The following table outlines the available parameters.

lowerIterationCutoff A positive integer specifying a lower cut-off for iterations included in the summary. Defaults to 0.
quantities An array containing one or more of the supported quantities: "cluster-size-distribution", "partition-sizes", or "shared-most-probable-clusters". "cluster-size-distribution" computes the distribution of entity cluster sizes along the chain; "partition-sizes" computes the number of entities in each partition along the chain; and "shared-most-probable-clusters" computes a point estimate of the linkage structure.

Evaluate step

This step computes evaluation metrics using the provided ground truth. It is specified by adding the following entry to dblink.steps:

  name : "evaluate"
  parameters : {
    metrics : ["pairwise"]
    # ...

The following table outlines the available parameters.

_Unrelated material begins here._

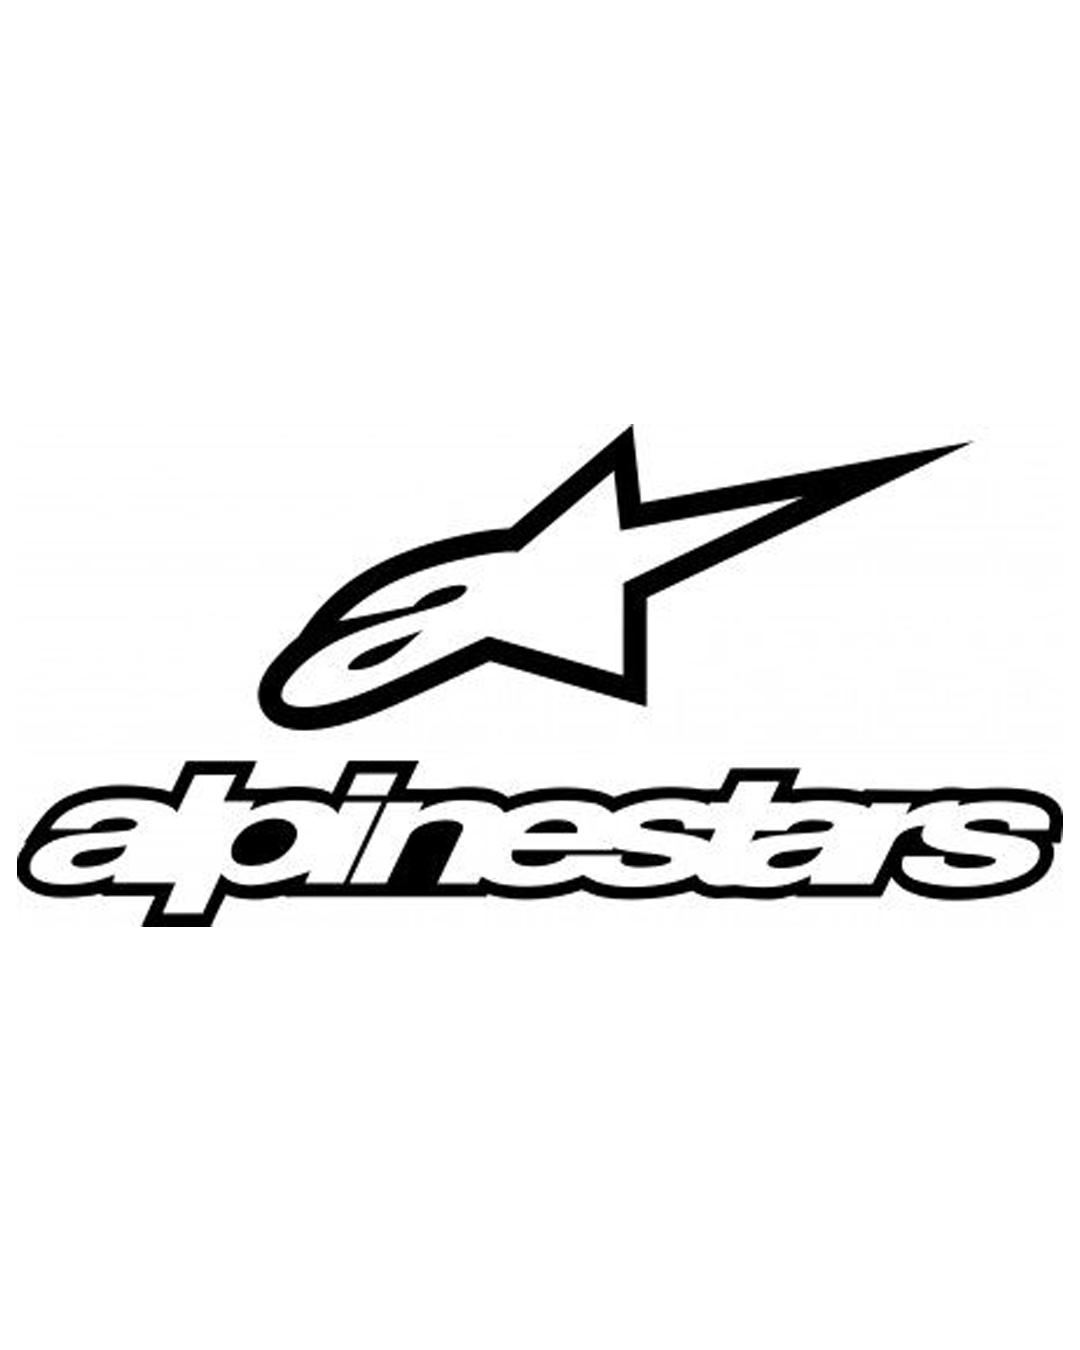 alpinesters_logo.jpg

lowerIterationCutoff A positive integer specifying a lower cut-off for iterations included in the final sample. Defaults to 0.
metrics An array containing one or more of the supported metrics: "pairwise" or "cluster". Currently "pairwise" computes the pairwise precision and recall and "cluster" computes the adjusted Rand index.
useExistingSMPC If true, try to use a saved point estimate of the linkage structure (based on the SMPC method) to compute the metrics. Otherwise, compute the SMPC point estimate from scratch. Defaults to false.

Copy-files step

This step allows files to be copied from project directory to another destination. This is useful when running dblink on a cluster where the local or Hadoop file system is ephemeral. This step is specified by adding the following entry to dblink.steps:

  name : "copy-files"
  parameters : {
    fileNames : ["cluster-size-distribution.csv", "partition-sizes.csv", "diagnostics.csv", "shared-most-probable-clusters.csv", "run.txt", "evaluation-results.txt"]
    destinationPath : "S3:///bucket-name/"
    # ...

The following table outlines the available parameters.

fileNames An array containing the file names in the project directory to copy.
destinationPath URI specifying destination for files.
overwrite Whether to overwrite files at the destination path. Defaults to false.
deleteSource Whether to delete the source files. Defaults to false.